Clint Eastwood’s Oscar winner took the sheen off the Wild West, at least how the Wild West was depicted on screen. That being said, the film holds to many of the traditions of classic Westerns. Eastwood seems to be balancing between classic Western mythology and the revisionist work he did in the ’70s. Based on David Webb Peoples’ script, the film challenges the noble legends of the Western genre, showing cowboys and outlaws as savage killers. The West was a rough and lawless place. Even the law was rough and lawless. As the aging assassin, Bill Munny, Eastwood shines in the role he seemed destined to play.

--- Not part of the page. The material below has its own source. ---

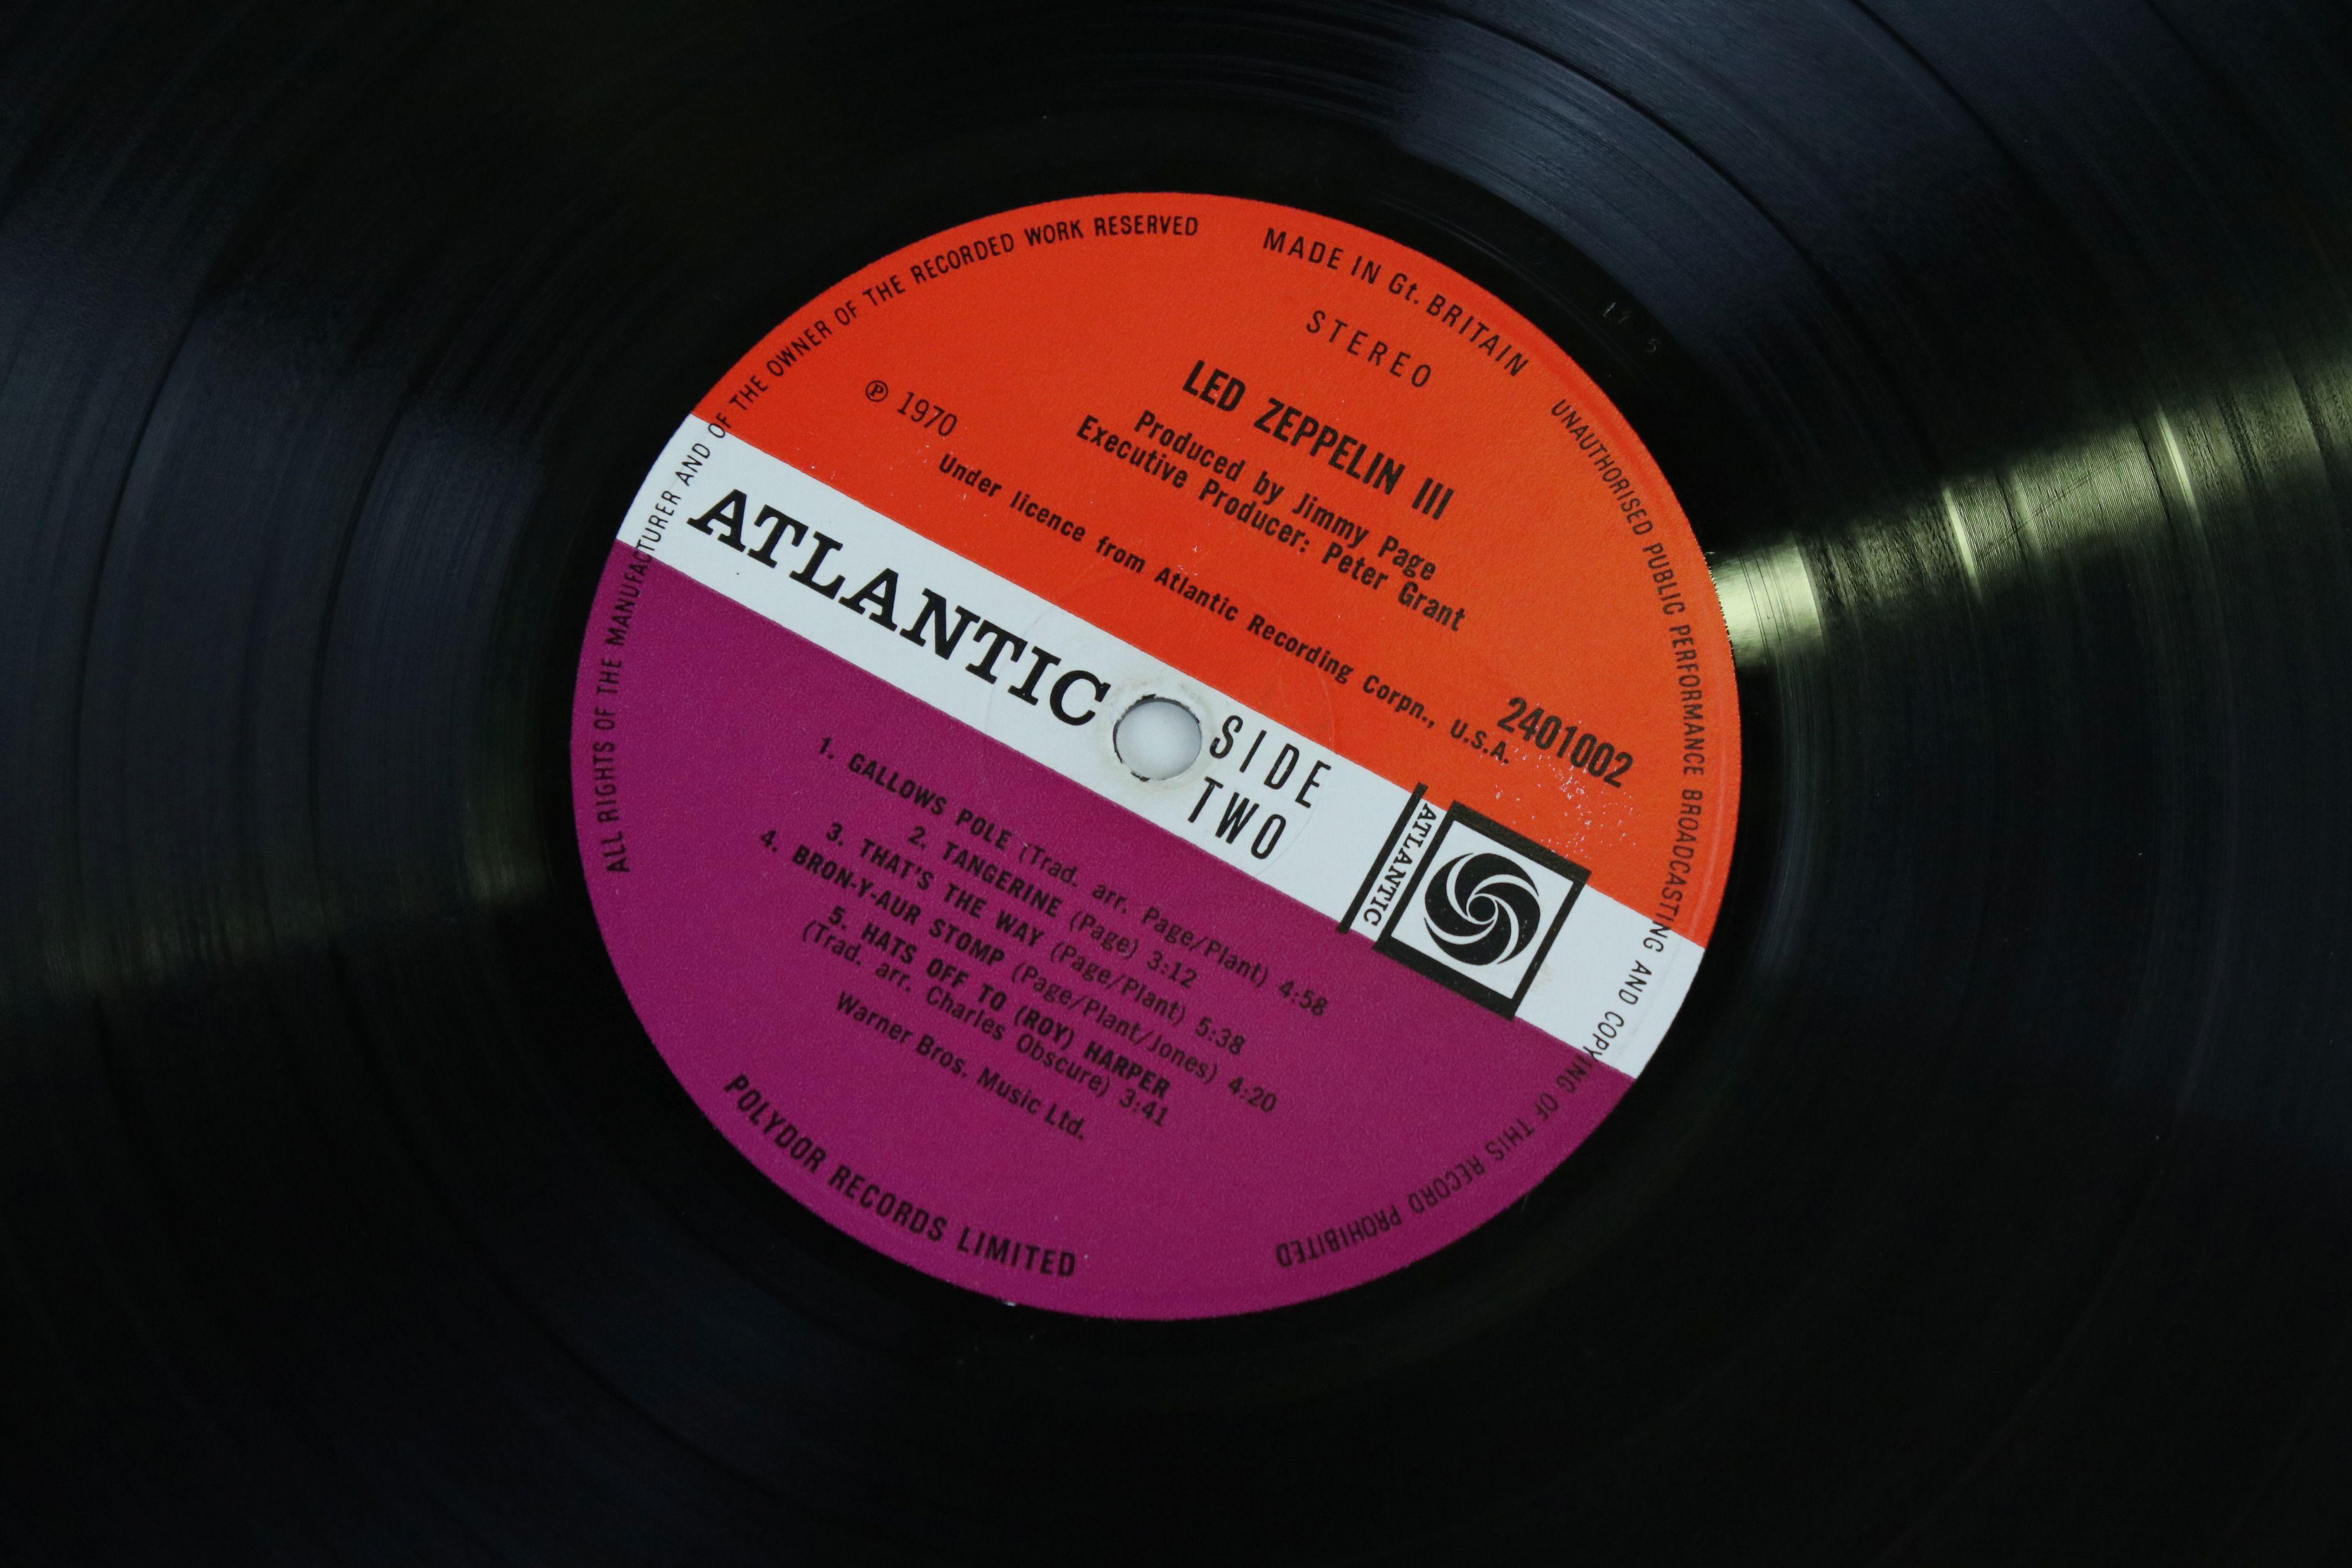 Vinyl - Led Zeppelin III LP on Atlantic Deluxe 2401002 red/maroon label, 1st pressing, sleeve vg - Image 4 of 7
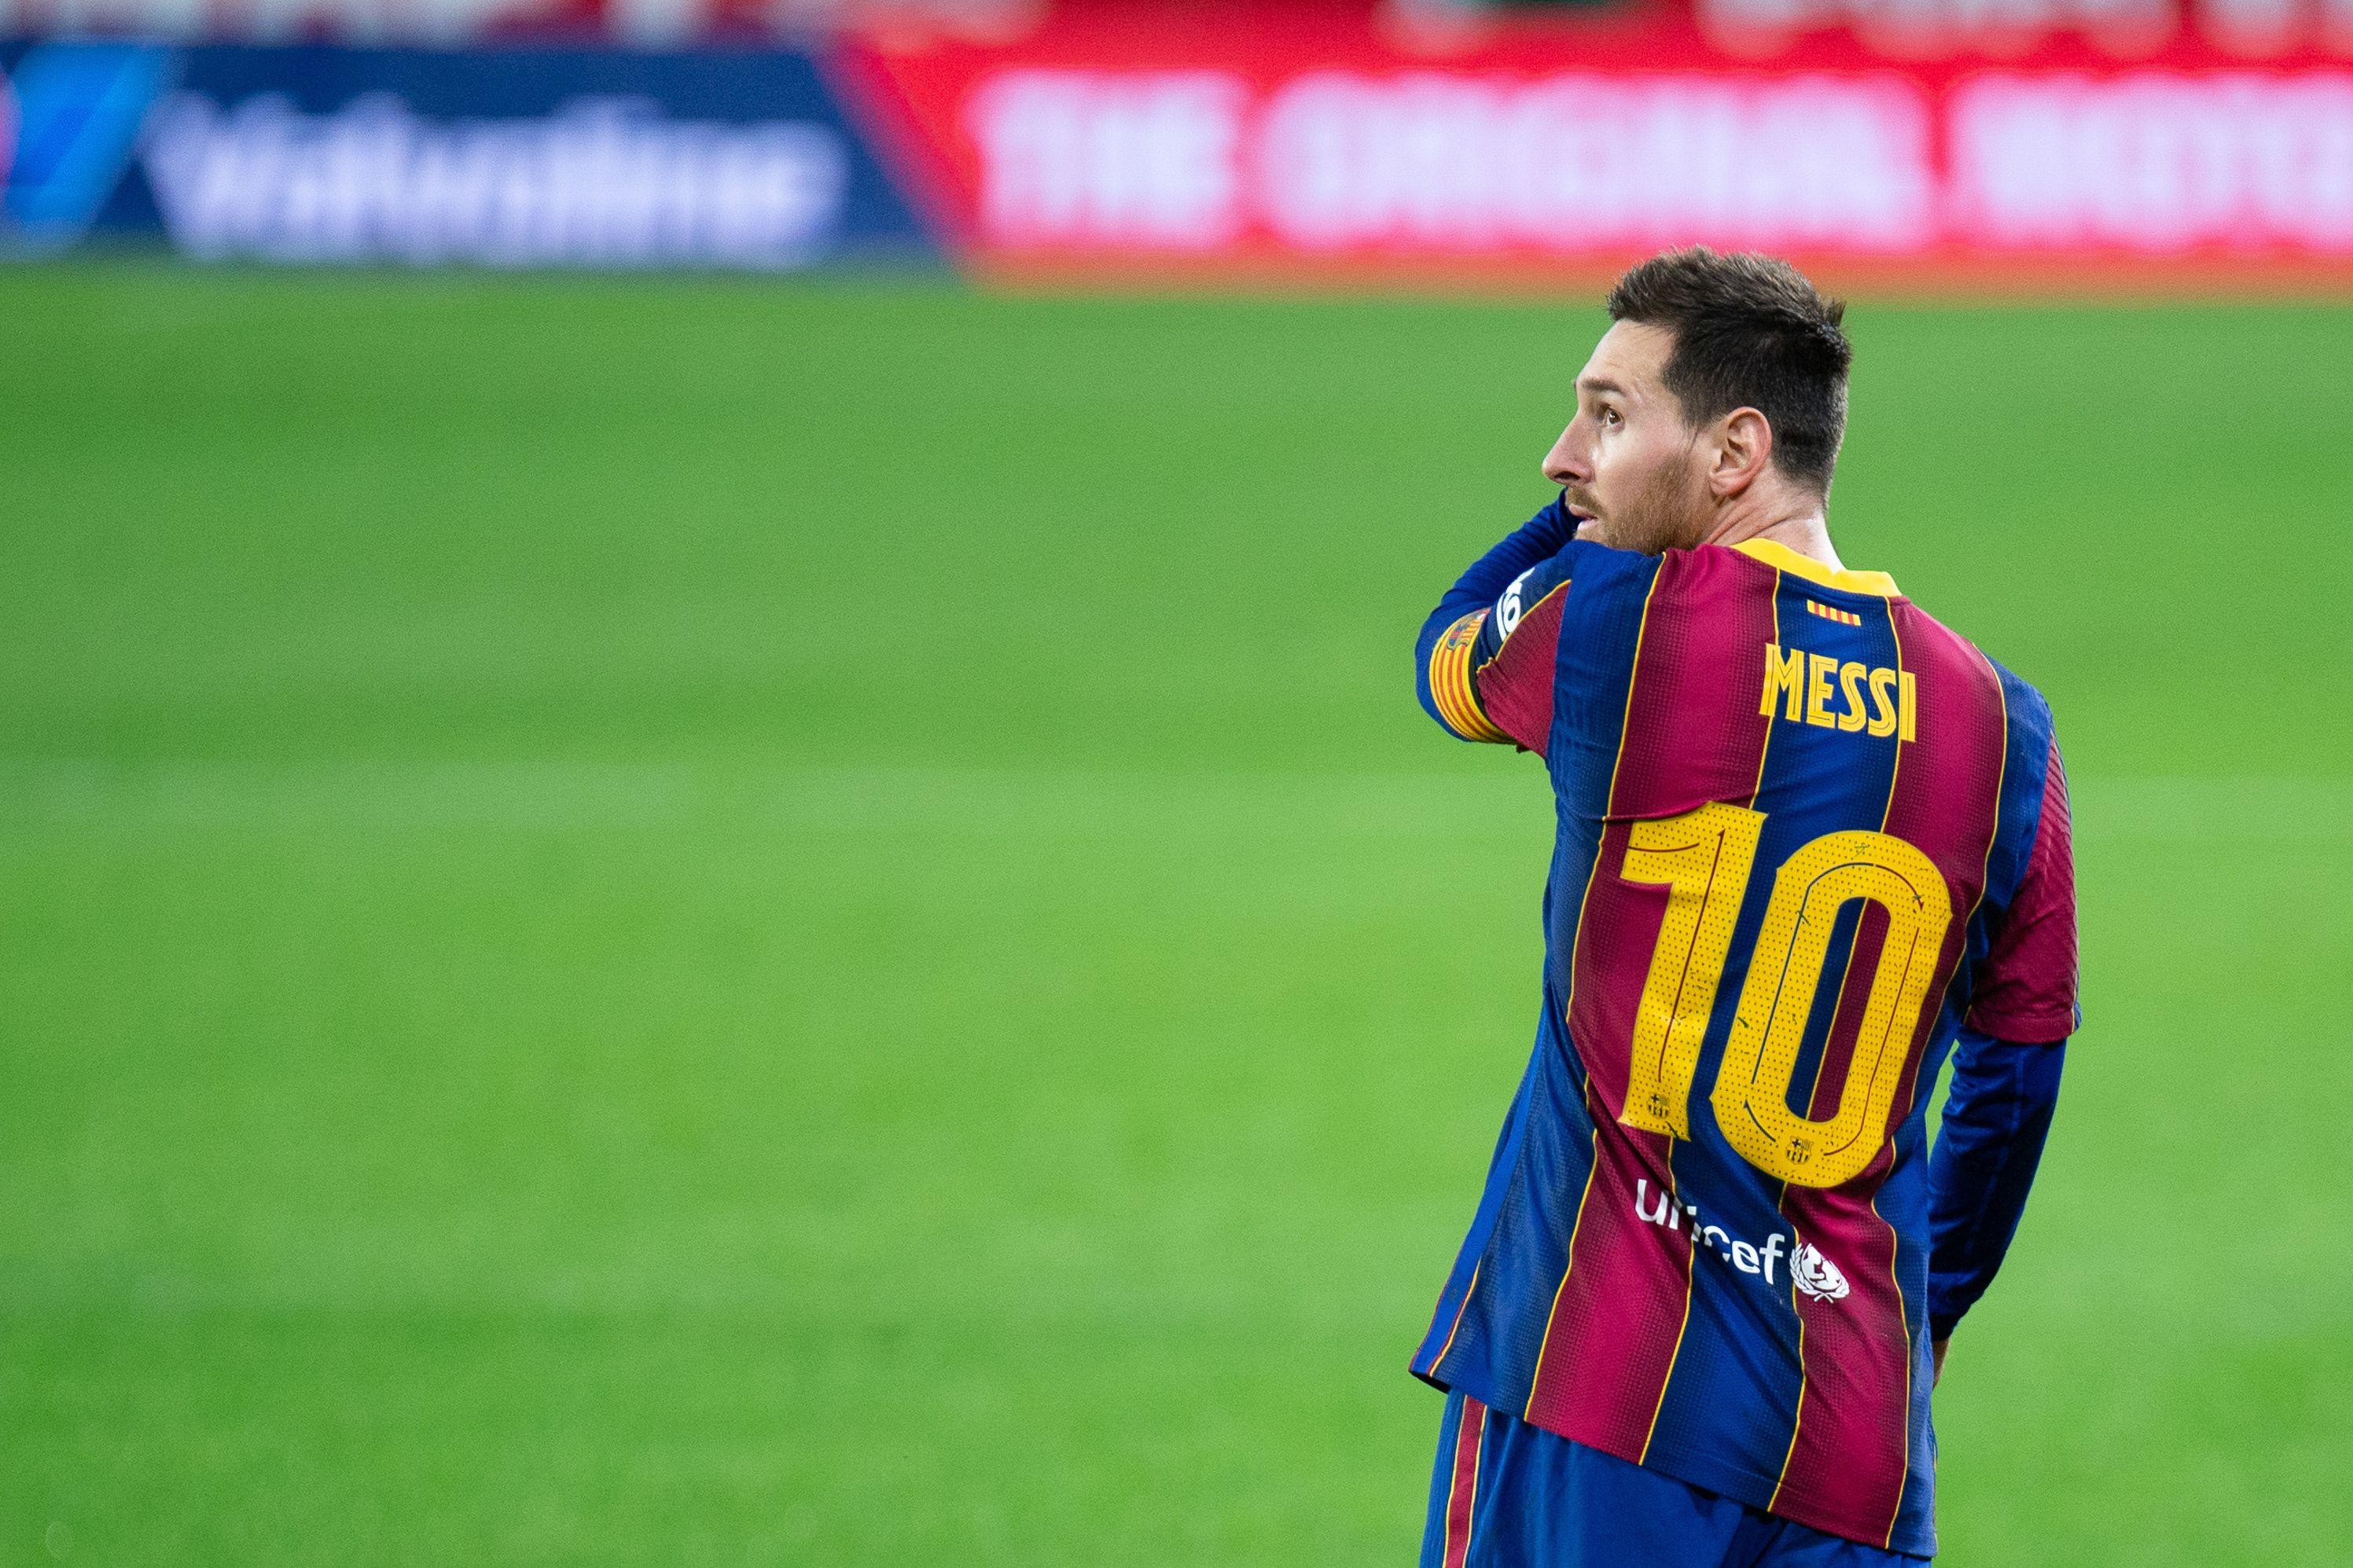 Как 'ПСЖ' разнёс 'Барселону' - 4:1: все голы матча на 'Камп Ноу'. ВИДЕО

Munny was a notorious killer. But he met a woman and settled down, started pig farming. When his wife died, he was left to raise his two children alone. Then one day, the Schofield Kid (Jaimz Woolvett, ROSEWOOD) rides in. The kid has heard all the tales about Munny and wants his help with an assassination job. A couple of cowboys cut up a prostitute and her friends have pooled their money to pay for revenge. Their town sheriff Little Bill Daggett (Gene Hackman, HOOSIERS) let the cowboys go in exchange for seven ponies to be given to the brothel owner Skinny Dubois (Anthony James, IN THE HEAT OF THE NIGHT), who paid good money for Delilah (Anna Thomson, BIRD), who cut up won’t earn a cent. Munny isn’t interested at first, but the money seems better than he can fetch for his sick hogs. He recruits his partner Ned Logan (Morgan Freeman, MILLION DOLLAR BABY) to help.